Ketamine for suicidality: an umbrella review

This review (2022) investigated the role of ketamine in suicidal ideation (SI) and behaviours. Of 27 studies that addressed ketamine for SI, only four reported mixed or negative results. Out of nine reviews, esketamine was significantly beneficial in five. Despite the majority of reviews being of critically low quality, the short-term efficacy of ketamine in suicidality was noted in most.

Authors

  • Ahmadzade, A.
  • Hasanzadeh, A.
  • Shamabadi, A.

Published

British Journal of Clinical Pharmacology
meta Study

Abstract

The urgent need for appropriate treatment for suicide, the tenth leading cause of death, has led to numerous studies. This study aims to systematically identify and appraise systematic reviews with or without meta-analyses investigating ketamine in suicidal ideation and behaviours. The study protocol was published in PROSPERO (CRD42021285320). Scopus, ISI, Embase, PubMed, CINAHL, PsycINFO, Cochrane Library, Google Scholar, and two registries were searched on October 29 without any restrictions for systematic reviews investigating the efficacy of ketamine on suicidal ideation and behaviours. The primary outcome was the final inference of ketamine effectiveness. A formal narrative synthesis was conducted, and the AMSTAR-2 tool was used to evaluate the quality of the studies. No funding was received. Of 27 studies that addressed ketamine for suicidal ideation, only four reported mixed or negative results, and out of nine reviews, esketamine was significantly beneficial only in five.

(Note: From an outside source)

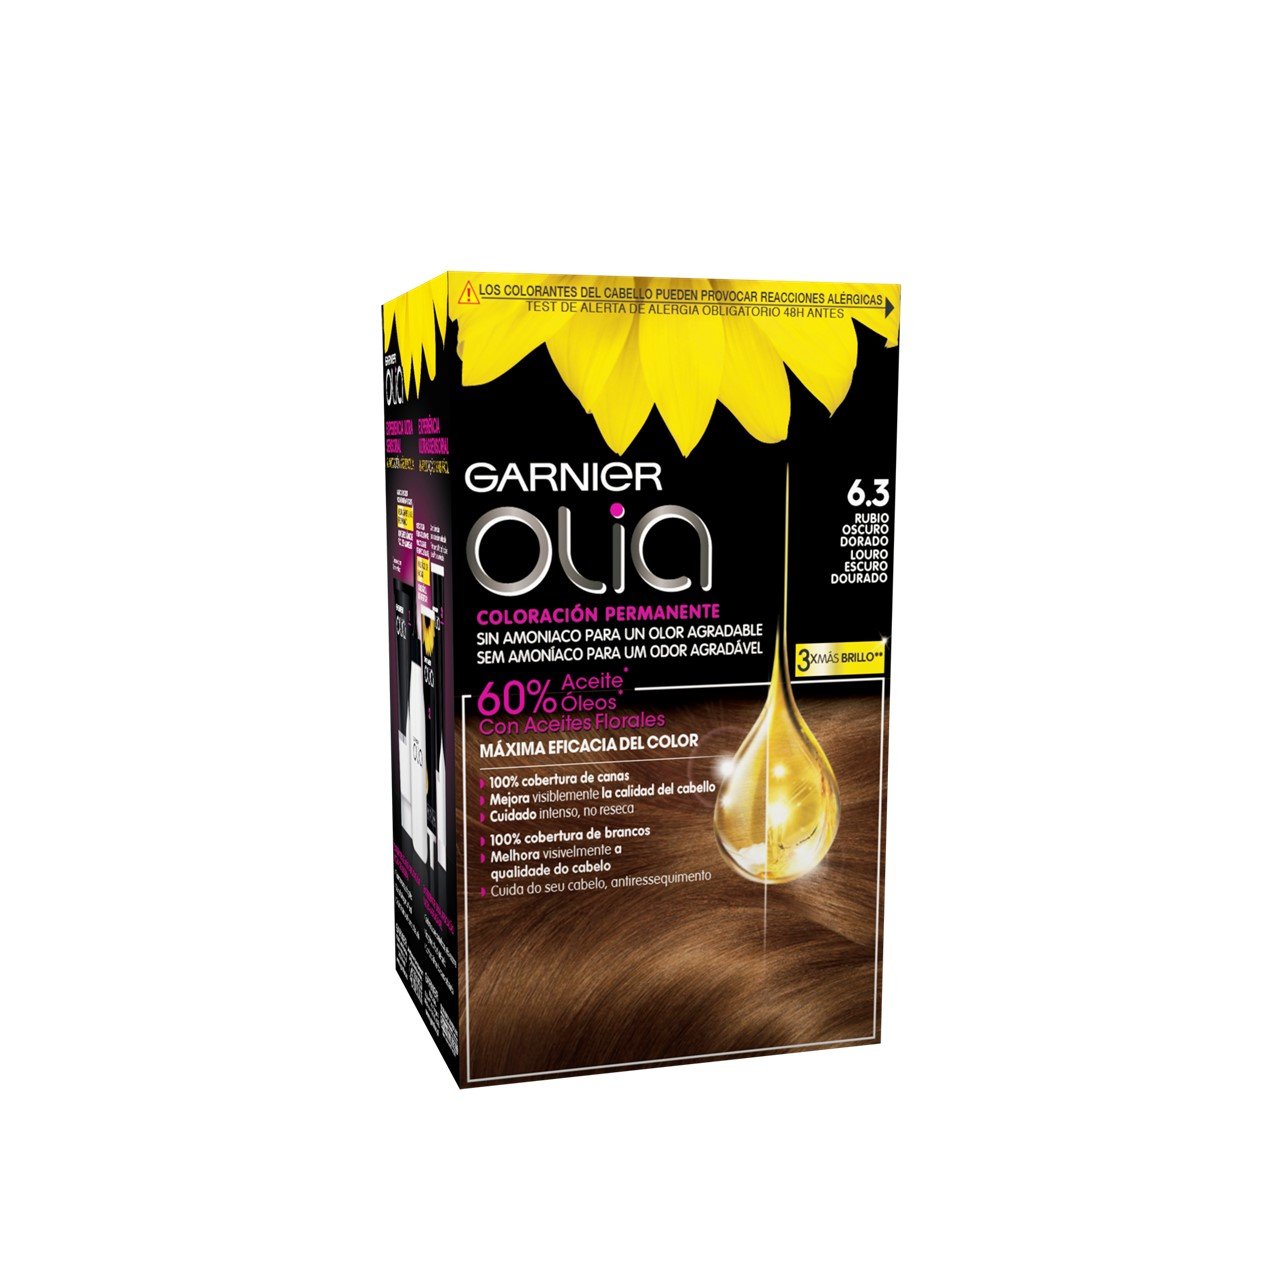 Garnier Olia 6.3 Permanent Hair Dye

A transient rise in pulse rate and blood pressure, dissociation, confusion, blurred vision, nausea, and vertigo were the most common adverse effects; however, most were mild. More than two-thirds of the included studies qualified as low or critically low quality. Preliminary evidence for the short-term efficacy of ketamine in suicidality was noted by the majority of reviews; however, long-term effects remained unknown. Due to the non-high quality of many studies and the limitations of core studies, further studies are required.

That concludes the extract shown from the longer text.